§ **PROBLEM TO SOLVE**
Take the material below and extract the lines from the one with "Sniper reloaded 2011" through the one with "I am dinomite!", word for word, without pictures.

§ **DATA PROVIDED**
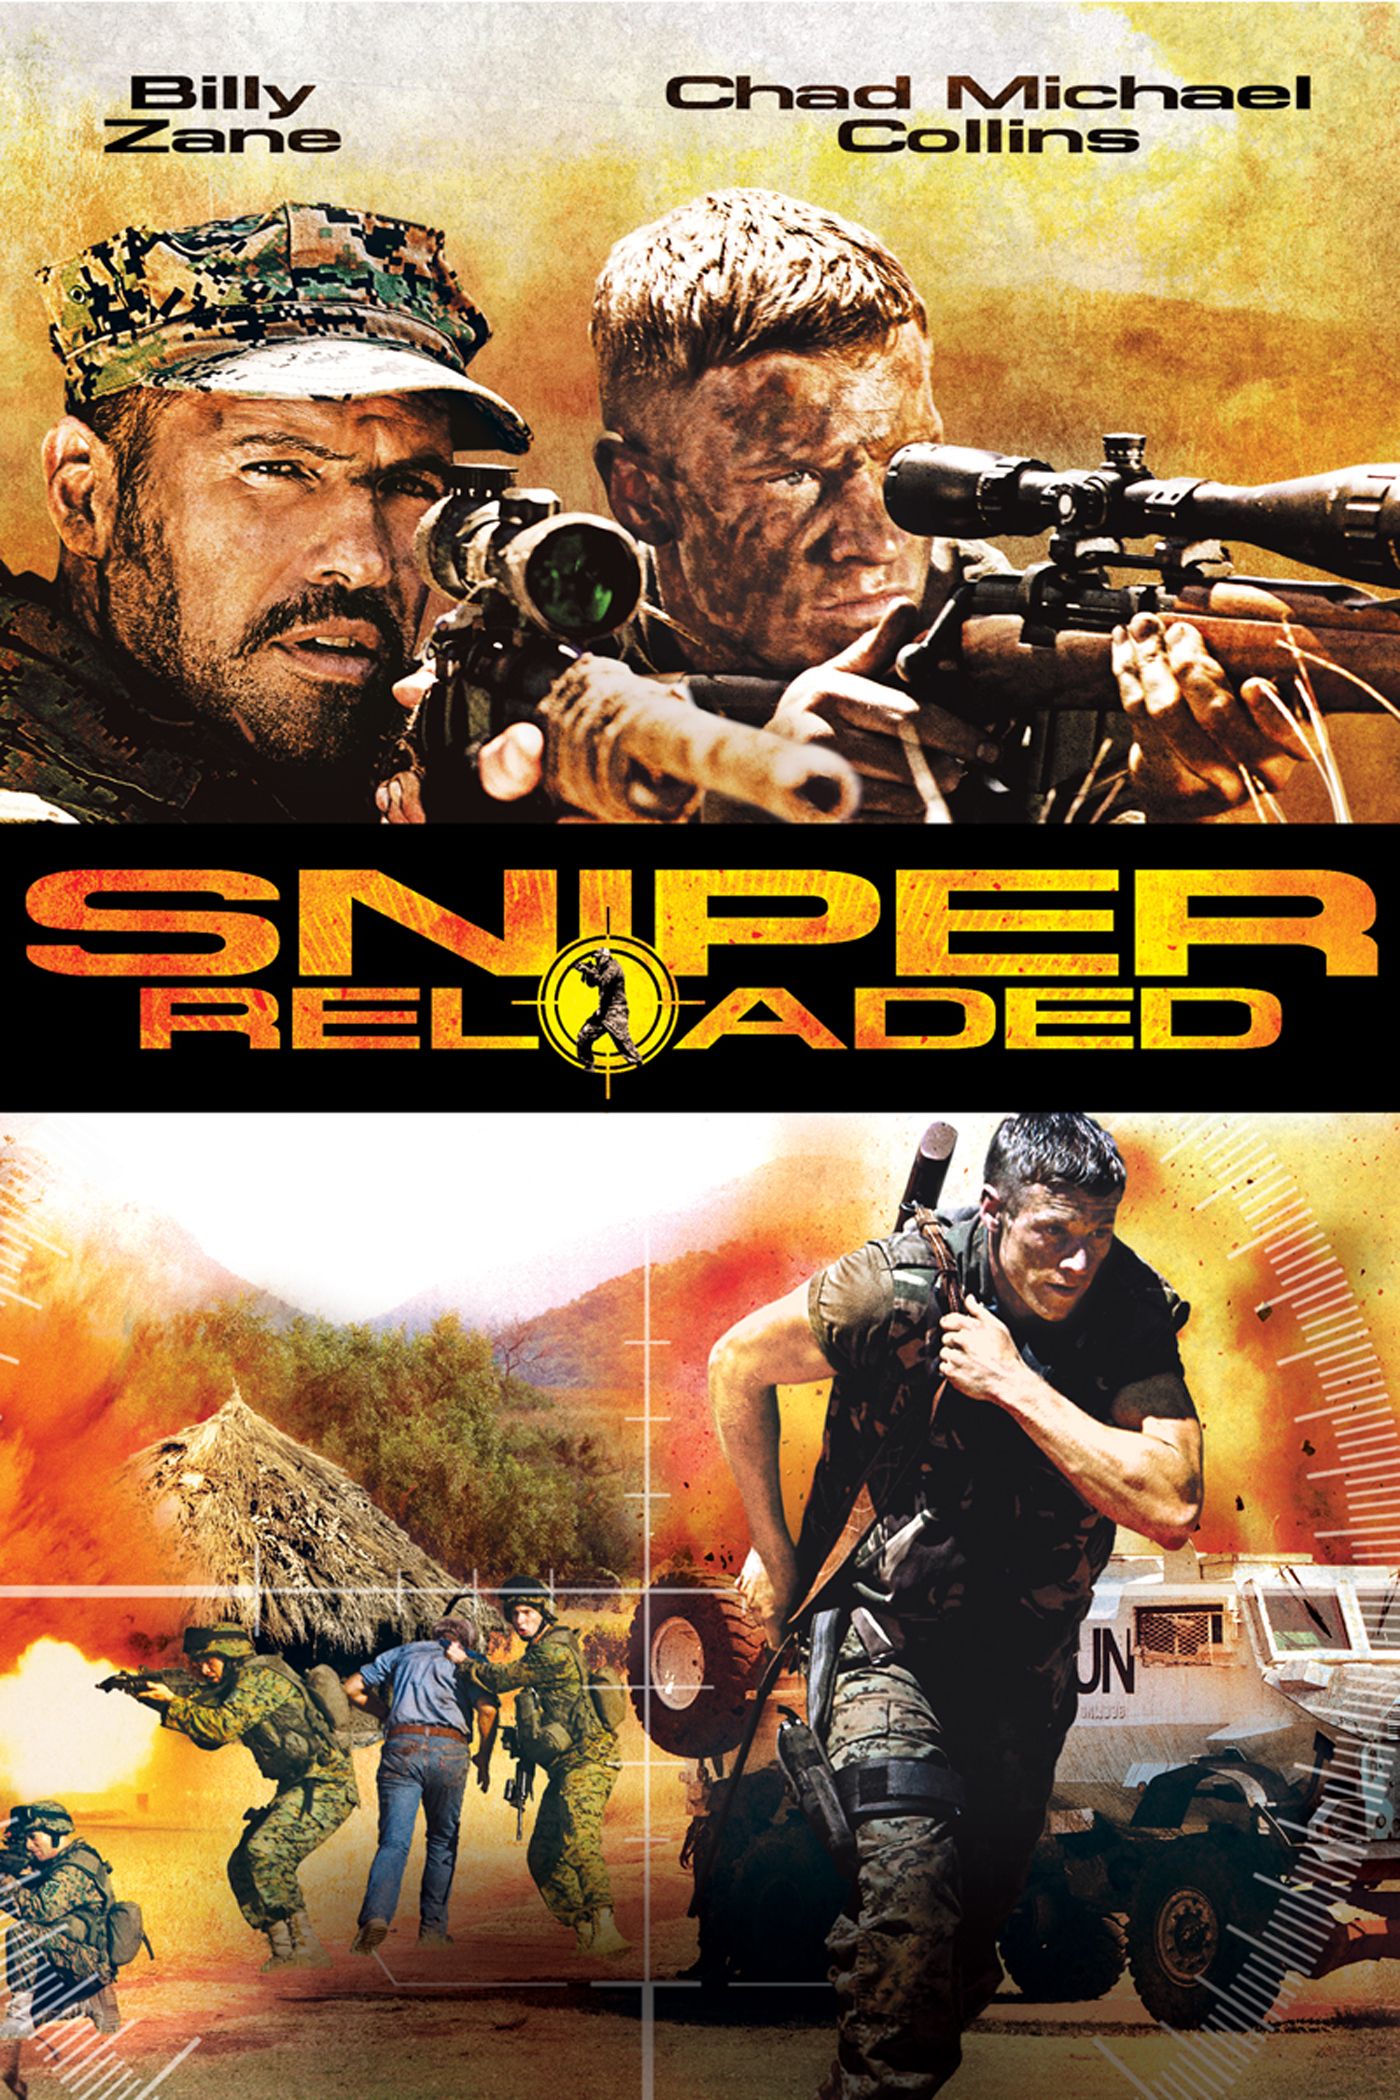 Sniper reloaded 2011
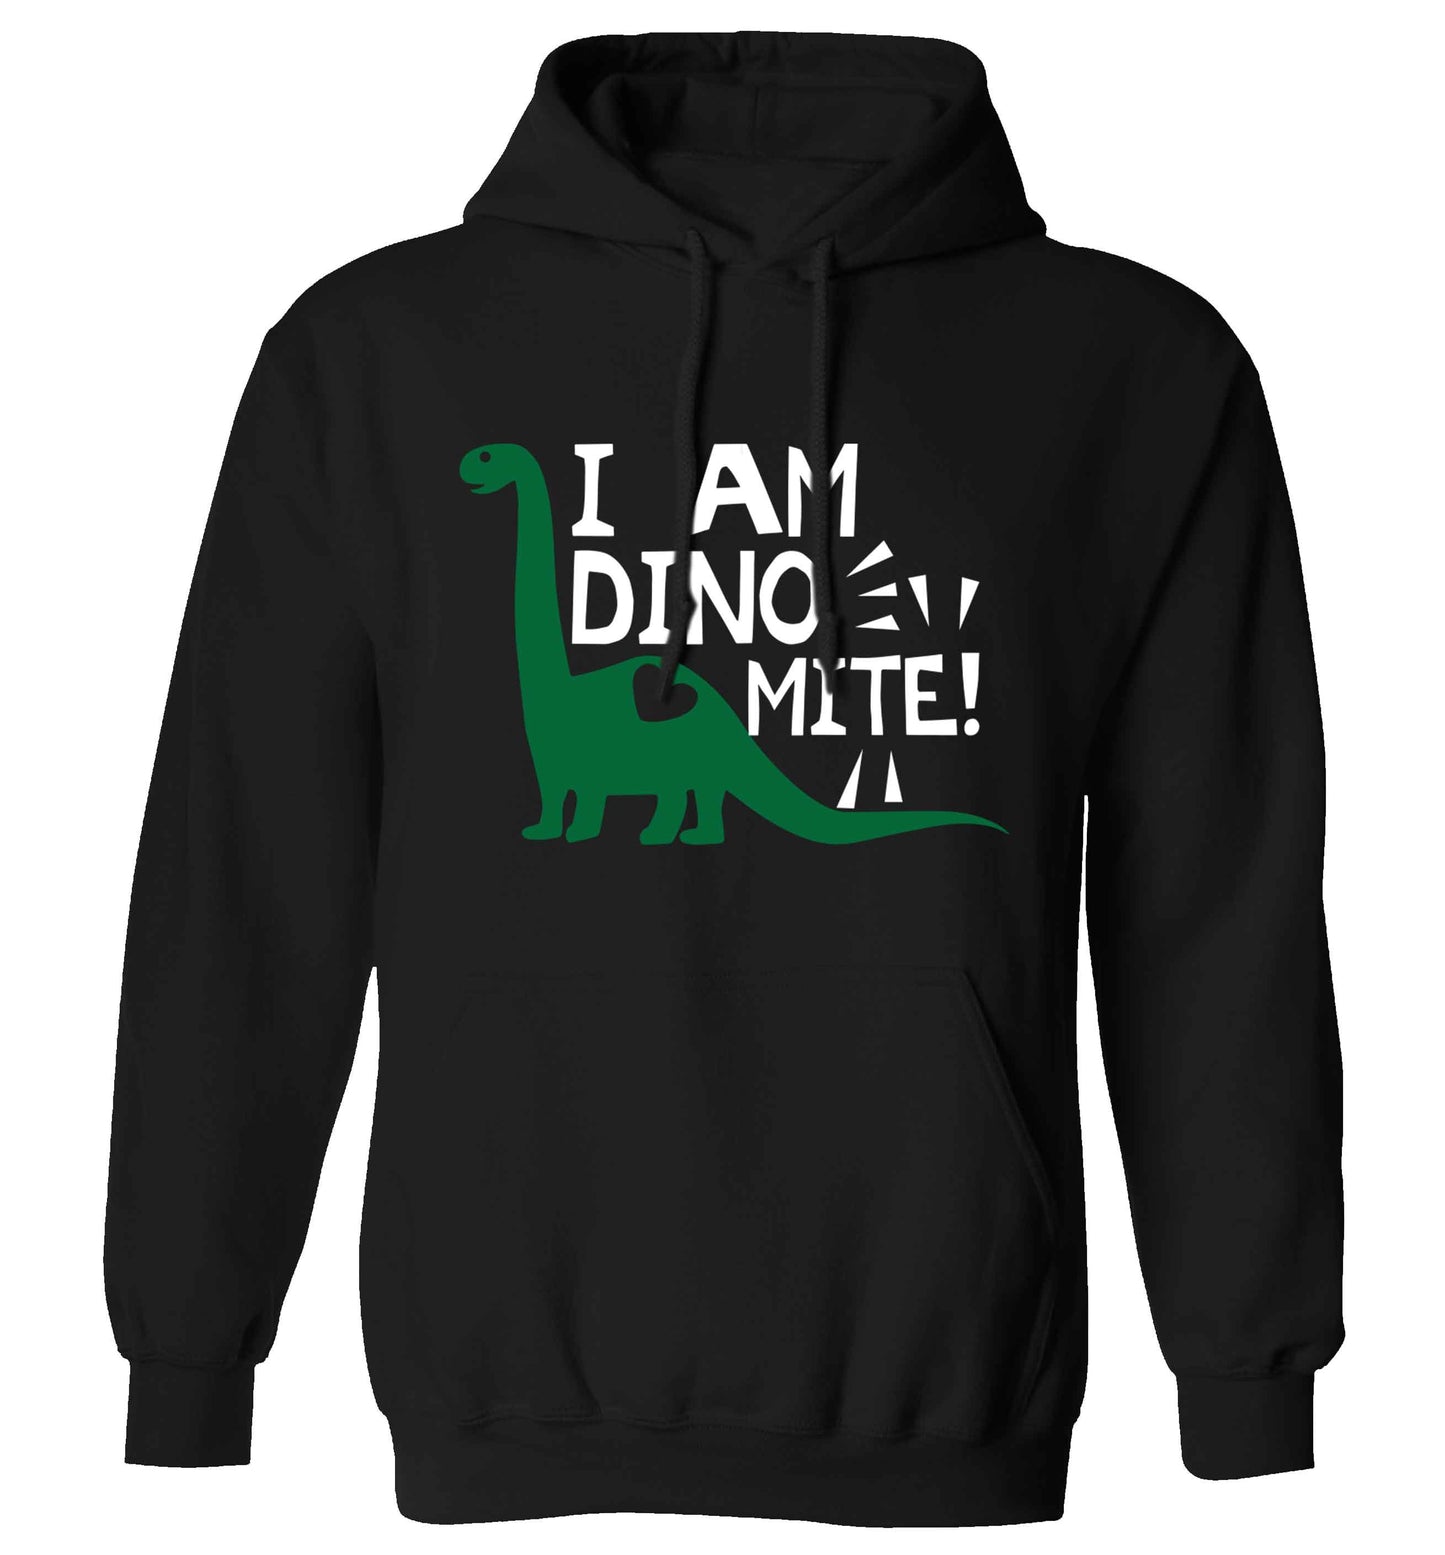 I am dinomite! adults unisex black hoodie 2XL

---

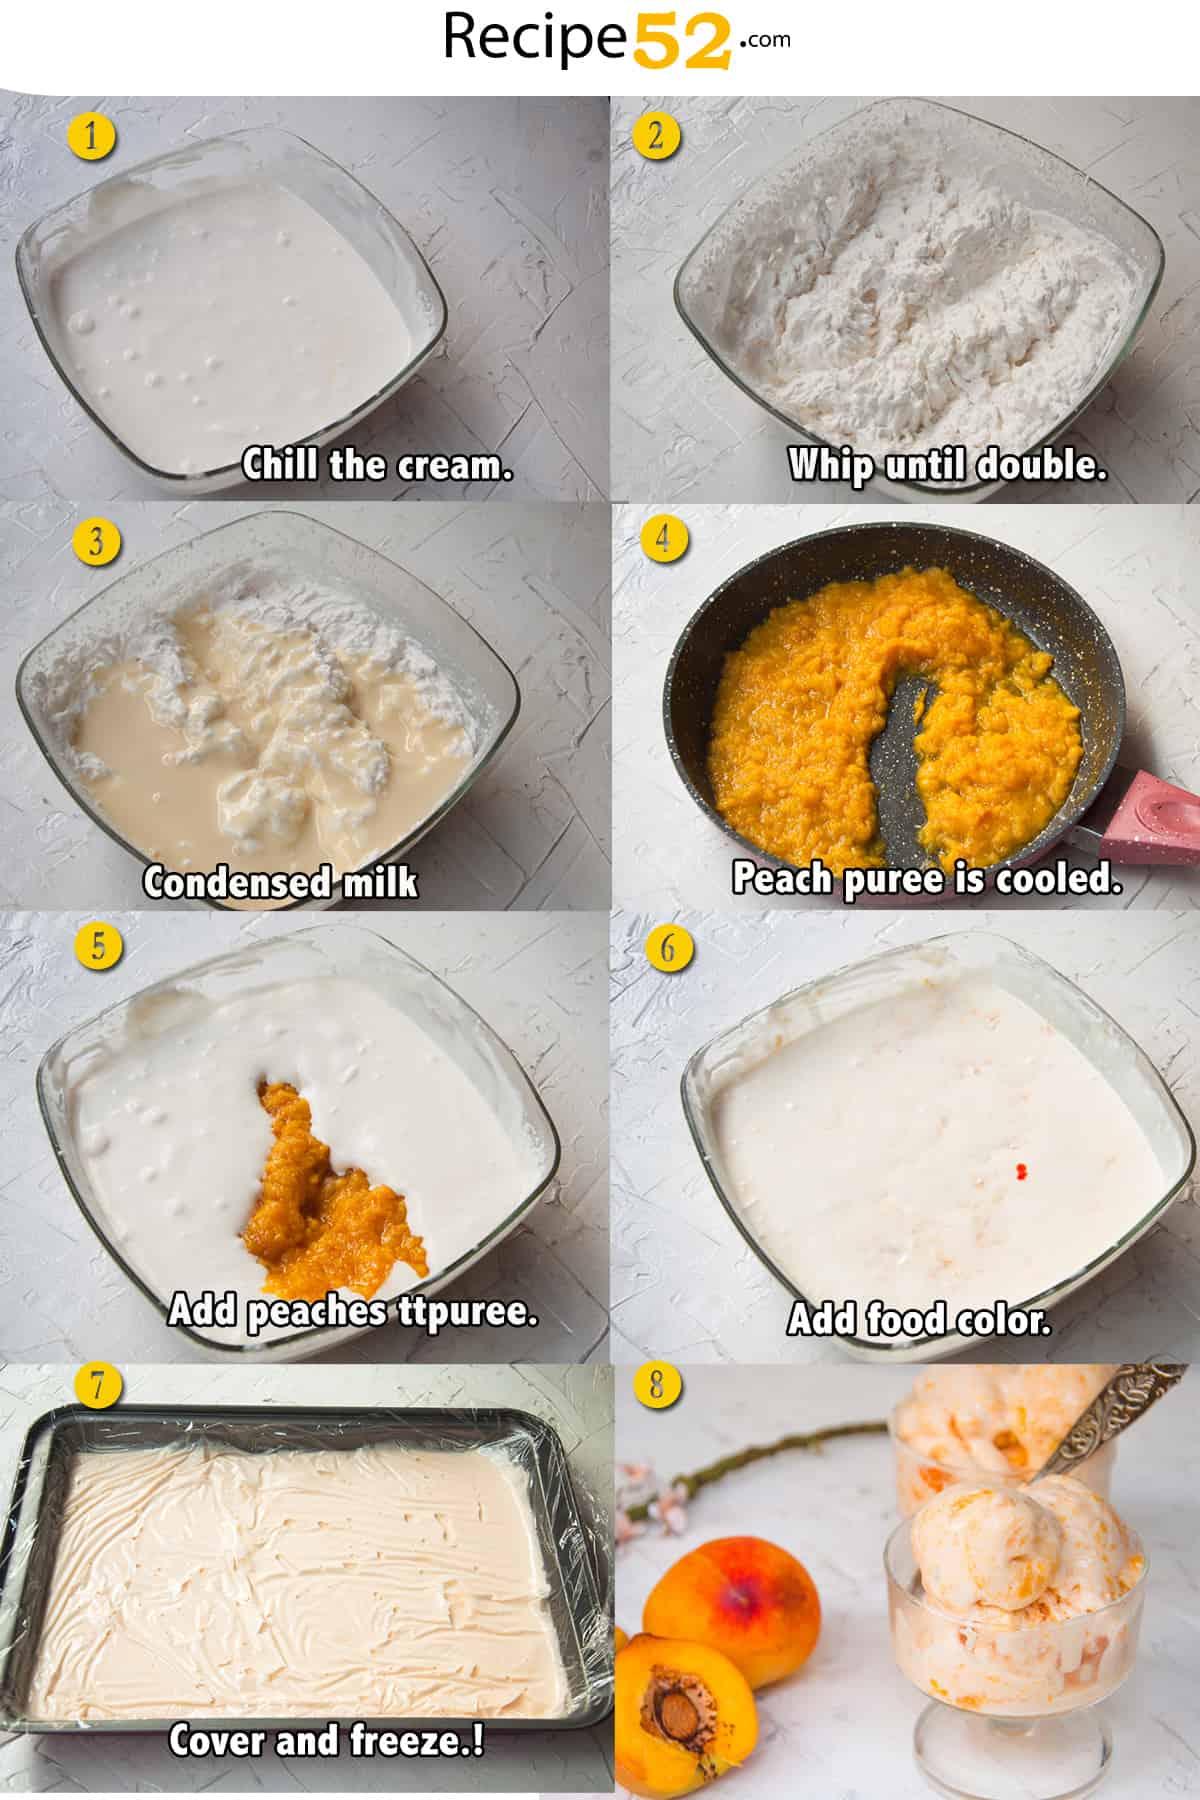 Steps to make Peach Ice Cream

--

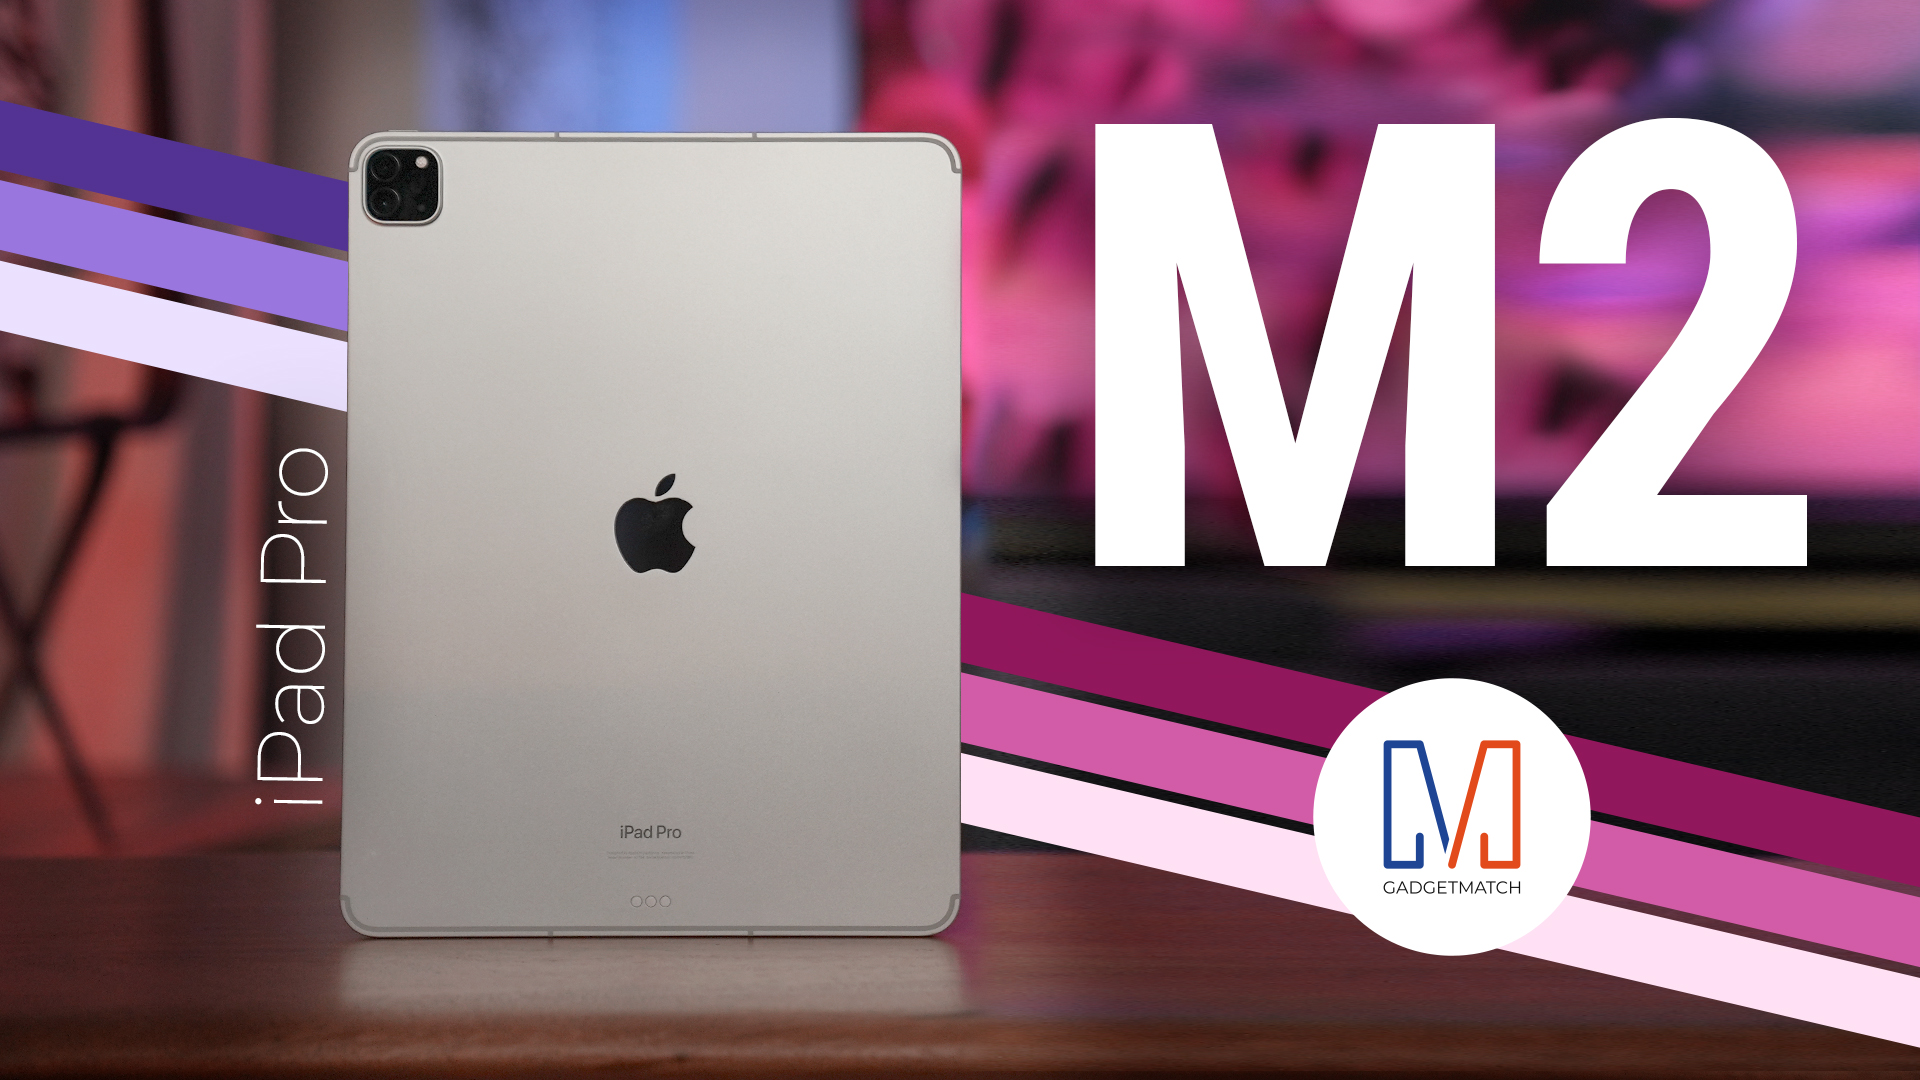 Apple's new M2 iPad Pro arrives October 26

§ **SOLUTION TO THIS PROBLEM**
 Sniper reloaded 2011
 I am dinomite! adults unisex black hoodie 2XL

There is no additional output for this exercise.